On Monday, the commissioner of the Department of Children and Families went before lawmakers saying progress has been made.
DCF has been under federal scrutiny since 1991, stemming from the deaths of several children in their care.
They are looking to lessen standards to get rid of oversight completely.
"We wanted to reduce the number of children in care, place more children with relatives or people they know,” said Commissioner Joette Katz. “We wanted to reduce the number of children in a group setting and we wanted to reduce children out of state, and I am happy to say we have made considerable progress in all of these areas."
"We would argue lessening the standards is not a good idea for the state. This is not about the court, this is not about a budget, this is about kids,” said State Senator Len Fasano.
DCF gets about $800 million from the state, and GOP lawmakers said this would remove legislators from decisions regarding DCF.
Only five members on the Appropriations Committee support the plan. It must still go before the house and senate for a full vote.

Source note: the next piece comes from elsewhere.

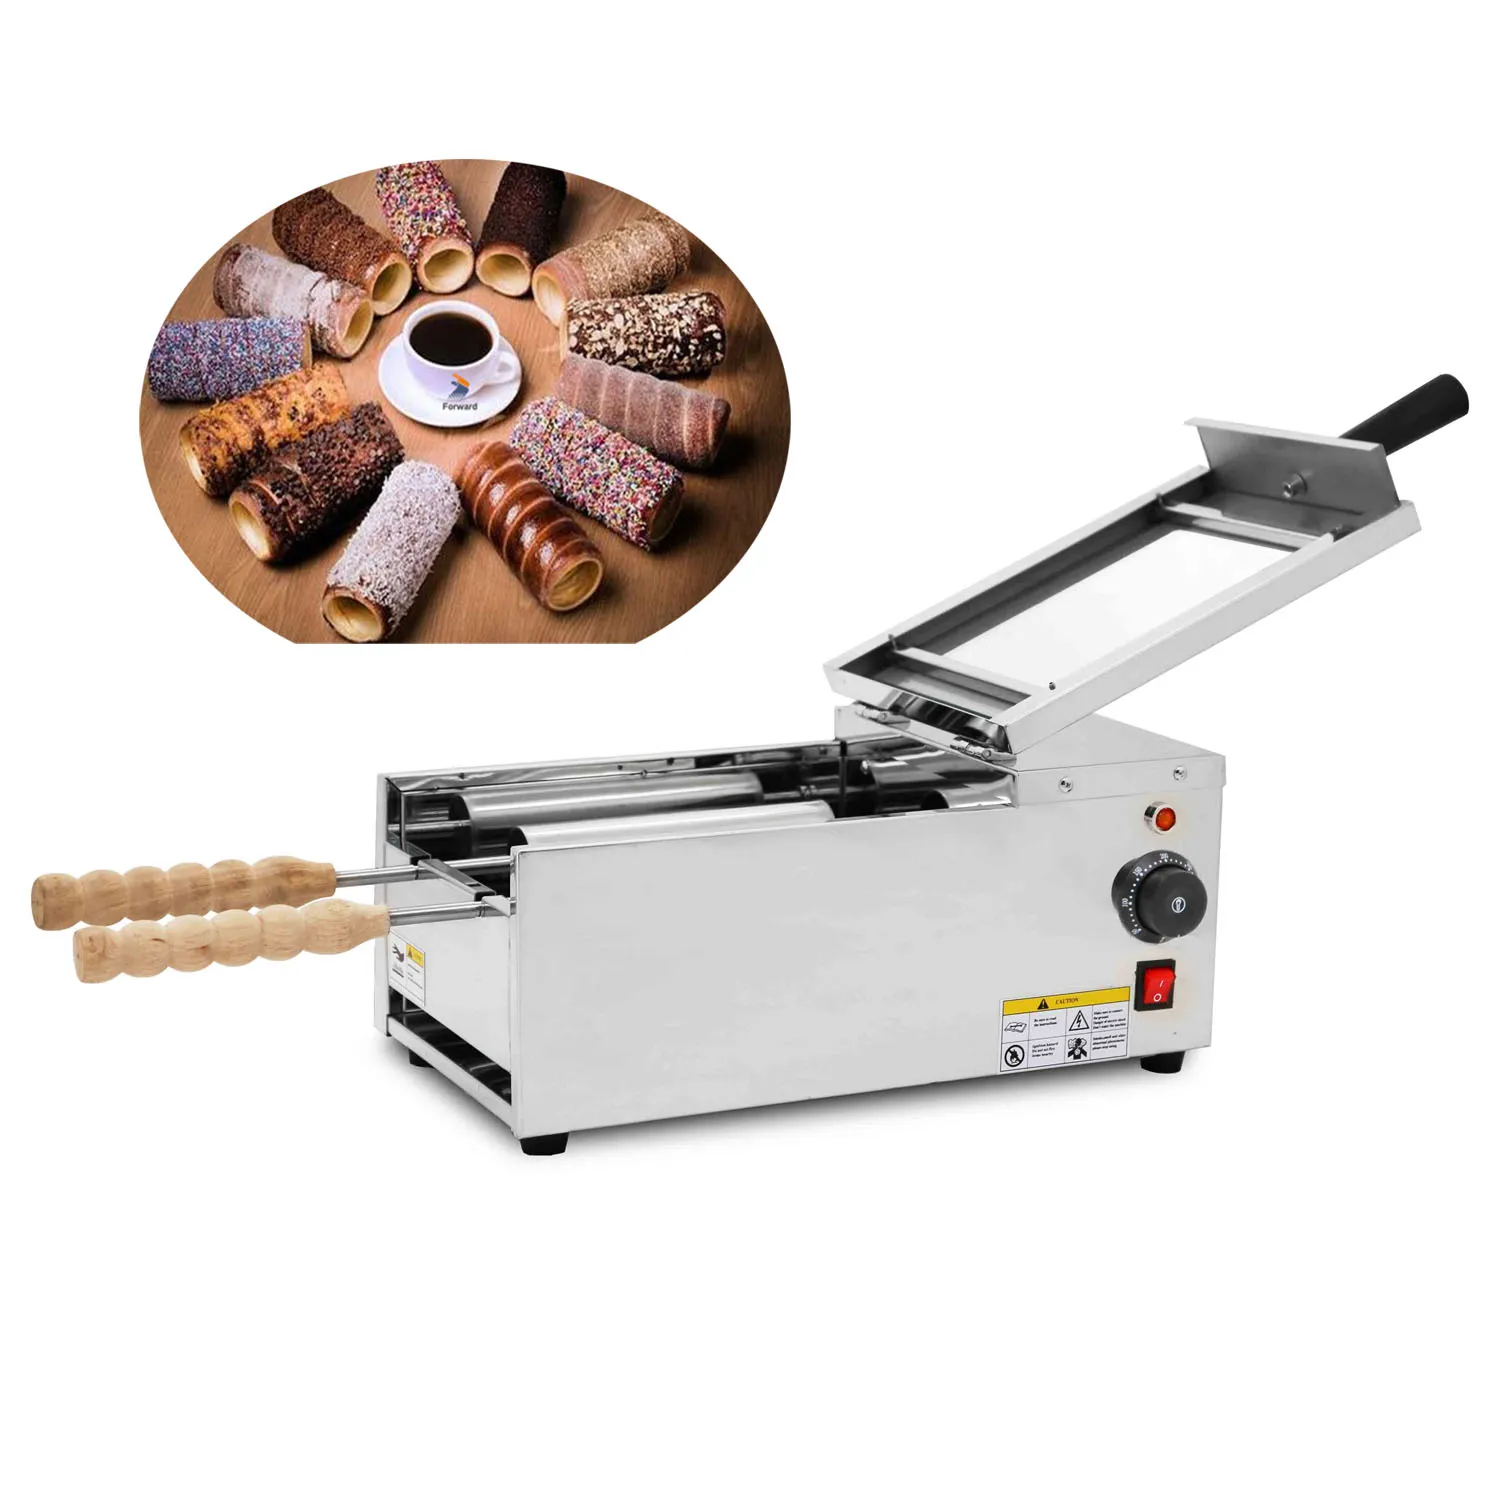 مع 2 أسطوانة كهربائية صانع كعكة المداخن الهنغارية Kurtos Kalacs Suto Roll Grill Oven Maker Maker Bread Roll Machine

On Monday, Gov. Dannel Malloy released a statement that said “Federal oversight of the Department of Children and Families has been a blight on Connecticut for over two decades. This settlement agreement has the support of the plaintiffs. It has the support of the federal court. It has the support of the Department of Children and Families. It has the support of the Attorney General. It has the support of Connecticut Voices for Children. It has the support of the Connecticut Community Nonprofit Alliance. While today’s vote is disappointing, we remain hopeful that this settlement will be approved and that Connecticut can continue making progress for its families and children.”